PV diameter >13mm (Table/Fig 4) (a) was seen in 56.25 % cases of PHT. Our results are in agreement with Bolondi L et al., (9) who evaluated 160 patients with portal hypertension. 73 of 129 patients in their study had portal vein dilatation of more than 1.3cm. Splenic vein diameter >10mm [Table/Fig4] (b) was seen in 46.9% cases of PHT, similar to the results of Bolondi L et al., (10) where it was seen in 49% cases.
PPV was evaluated from hilar segment of portal vein in all the cases (11). Tomic D et al., (12) and Iwao T et al., (14) suggested that decrease of the portal blood flow velocity below 12cm/s is a reliable indicator of the portal hypertension. In our study, peak PVV was observed to be 14.2cm/sec and 12.3cm/sec in patients of CLD only and CLD with PHT respectively, thus, confirming with previously described studies (Table/Fig 5) (a),(Table/Fig 5) (b). Kuo CH et al., (14) also concluded that decreased portal vein velocity may reflect the severity of clinical portal hypertension in cirrhotic patients and could be a prognostic factor in cirrhotic patients.
Hepatic vein waveform on Doppler USG has been categorised in to 3 groups by Bolondi L et al., (15) HV0, HV1, and HV2. HV0 represents normal triphasic waveform consisting of two negative waves and one positive wave. HV1 and HV2 represent abnormal waveforms (without the reversed phase). In our study of 50 patients, hepatic vein waveform was evaluated in right and middle hepatic vein, about 3-6 cm from the confluence of the hepatic vein and inferior vena cava (11).
Abnormal hepatic vein waveform (HV1 and HV2) (Table/Fig 6) (a), (Table/Fig 6) (b) was seen in 74% patients while the rest 26% patients showed normal triphasic wave forms (Table/Fig 7).
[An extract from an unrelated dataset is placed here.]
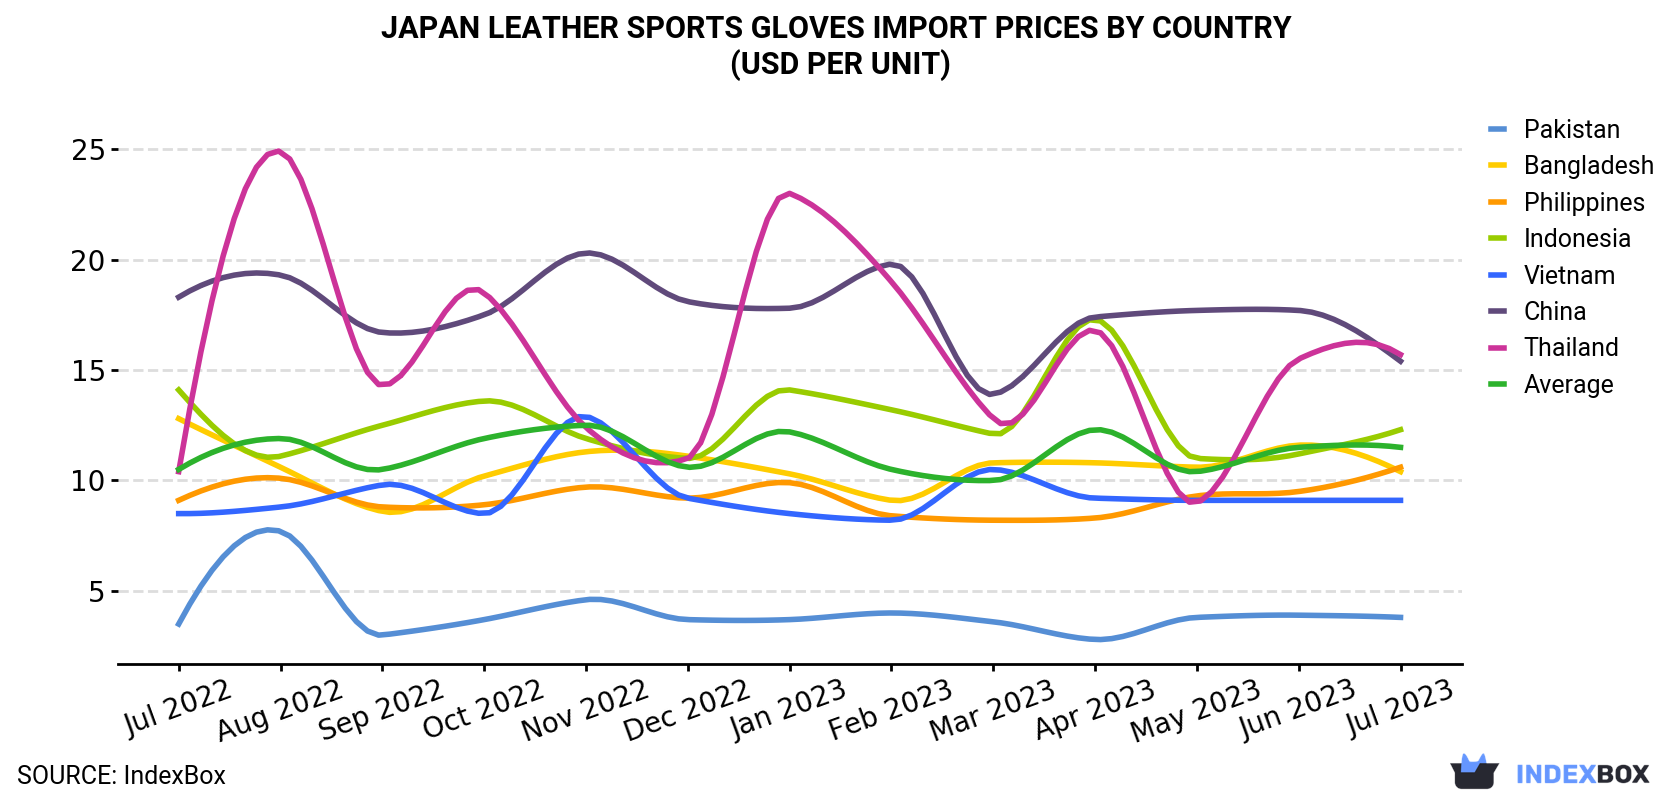 Japan Leather Sports Gloves Import Prices By Country (USD Per Unit)

Our findings are consistent with the observations of Colli A et al., (16) who observed abnormal hepatic vein waveforms in 75% cases of cirrhosis. Similarly, according to other few studies, flattening of the hepatic waveform can be used as diagnostic tool for chronic parenchymal liver disease (15),(16),(17). According to Bolondi L et al., (15), the mechanism of the change in the HV waveform may be related to liver fibrosis, which progressively reduces phasic oscillation in HVs. But according to a recent study by KCS et al., (18), HV waveforms are independent of liver functions and the changes appearing in cirrhotic livers is presumably due to the change in hepatic hemodynamics. So, changes in hepatic blood flow with progressive degree of cirrhosis alter the HV waveforms on Doppler evaluation.
The hepatic artery (HA) hemodynamics is also altered in cases of cirrhosis. HA shows increased resistance in chronic liver disease and cirrhosis (19). Normal values are < 0.66 for the HA resistance index and <1.1 on the pulsatility index (19).
One of the limitations was that the diagnosis of portal hypertension was made entirely on the basis upper GI endoscopy findings only. In no case, hepatic venous pressure gradient was calculated. Also in some cases, diagnosis of cirrhosis was based on the combination of clinical and laboratory findings and this could lead to excluding patients with early disease and those with atypical findings.
Doppler USG is an excellent modality for evaluating the flow hemodynamics in portal and hepatic circulation and can be used for non-invasive diagnosis in suspected cases of CLD and PHT with great reliability. It can be reliably used to distinguish patients of CLD with and without PHT and also aids in long-term management and follow up of patients with CLD.